Написанная в 1837 г. «Ветка Палестины» (напоминающая «Цветок» Пушкина) вызывала (и вызывает до сих пор) у исследователей некоторое недоумение, как и стихотворение «Когда волнуется желтеющая нива»; эти вещи кажутся неожиданными и неорганическими для Лермонтова по своей тематике, по заключительным «мирным» аккордам. Белинский видел в «Ветке Палестины», как и в позднейших «Тучах», «переход от субъективных стихотворений к чисто-художественным. В обеих пьесах видна еще личность поэта, но в то же время уже и выход его из внутреннего мира своей души в созерцание „полного славы творенья“. Первая из них дышит благодатным спокойствием сердца, теплотою молитвы, кротким веянием святыни». Это впечатление сложилось у Белинского, очевидно, в связи с тем, что стихотворение имеет полубалладную ориентальную окраску (воды Иордана, Ливан, «Солима бедные сыны») и нечто вроде воображаемого сюжета.
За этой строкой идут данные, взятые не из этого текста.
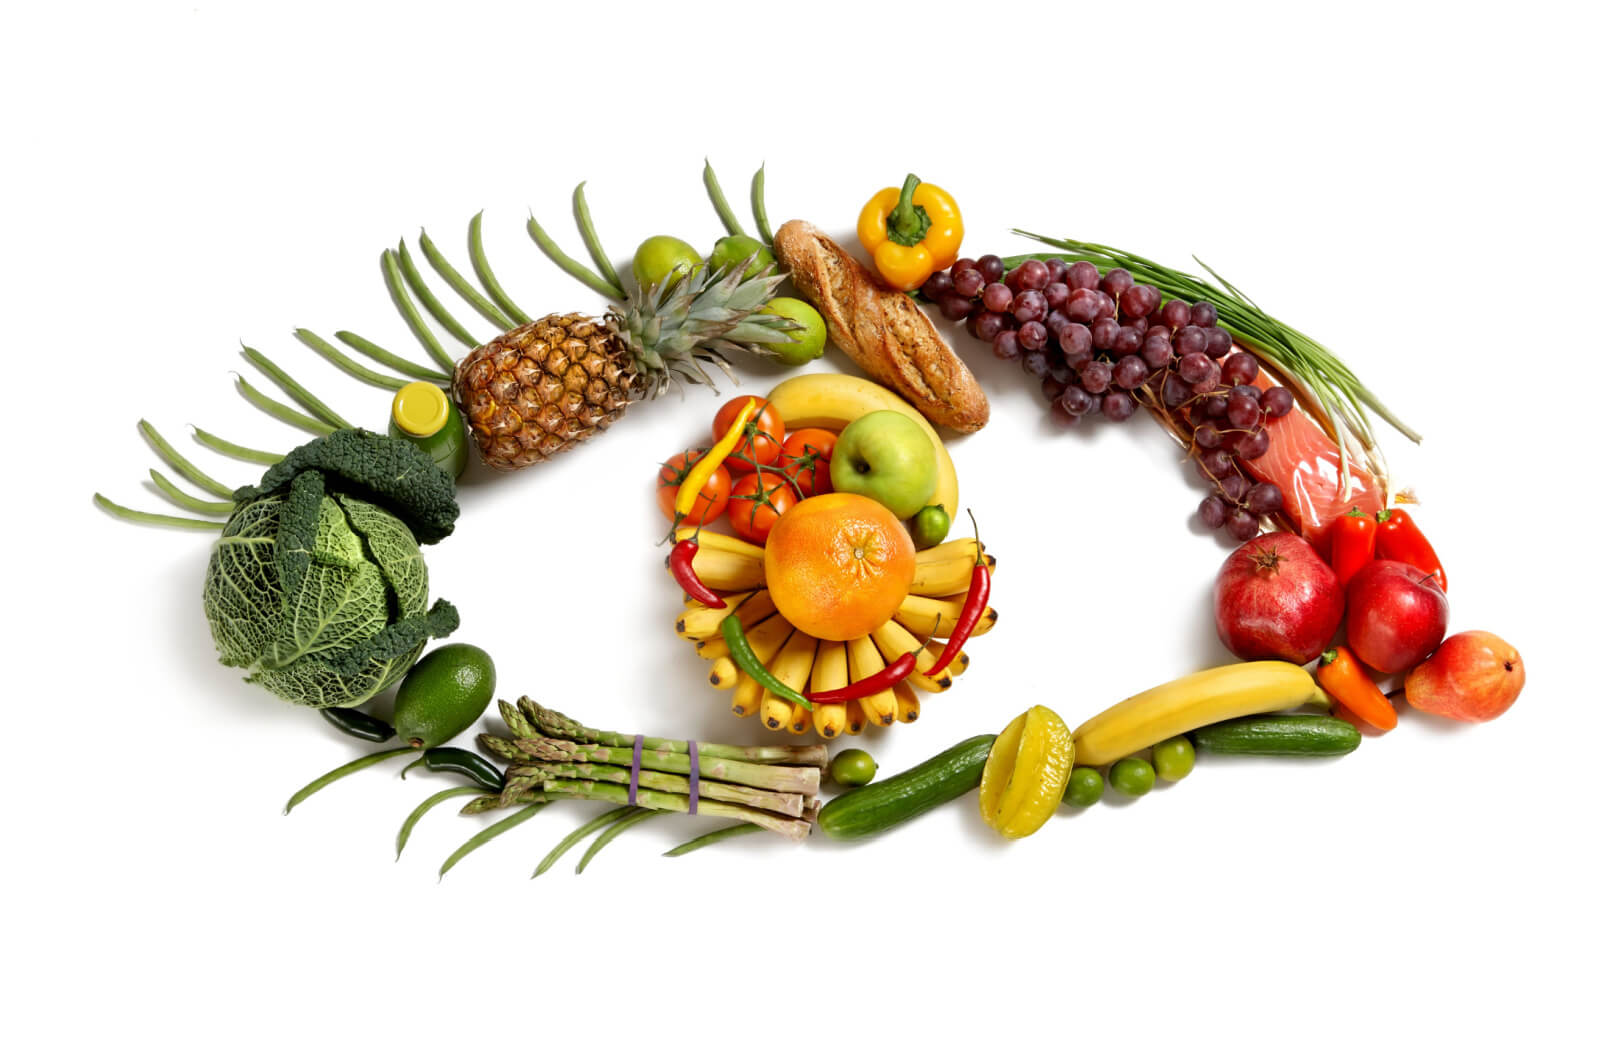 An assortment of fruits, vegetables, and fish arranged in the shape of an eye represents a natural source of vitamins essential for eye health.

Действительно, вопросы о судьбе пальмы и о том, кто занес ветку от нее â этот край, переводят это стихотворение из области чистой, «субъективной» лирики в область иных жанров. К этому надо, однако, прибавить, что для понимания «Ветки Палестины» очень важен ее лирический подтекст — элемент для юношеской лирики Лермонтова нехарактерный, но приобретающий большое значение для его стихотворений второго периода. Если в юношеской лирике Лермонтов стремился к созданию открытых формул, выговаривающих тему или мысль, то теперь этого нет или встречается редко. Характерно, что в «Умирающем гладиаторе» вычеркнута вся вторая половина («Не так ли ты, о европейский мир»), раскрывающая иносказательный смысл первой и придающая всему стихотворению определенный публицистический характер. Оставшаяся первая половина представляет собой нечто вроде баллады. «Ветка Палестины» написана, конечно, на основе диссонанса, контраста, а не гармонии; именно потому она и написана в полубалладной форме — как иносказание. Ее заключительные строки («Все полно мира и отрады вокруг тебя и над тобой») звучат как первая половина незаконченной фразы: интонация этих строк требует продолжения, раскрывающего контраст между картиной «мира и отрады» и душевным смятением автора, тревожно задававшего вопросы. Этот контраст оставлен в подтексте и дан только в виде намека в вопросах: «Грустил он часто над тобою? Хранишь ты след горючих слез?». Здесь — лирический центр стихотворения, сохраняющий свое действие до конца. Никакого

37

внутреннего, тематического противоречия между этим стихотворением и лирикой Лермонтова нет, — изменилась не тема, а художественный метод.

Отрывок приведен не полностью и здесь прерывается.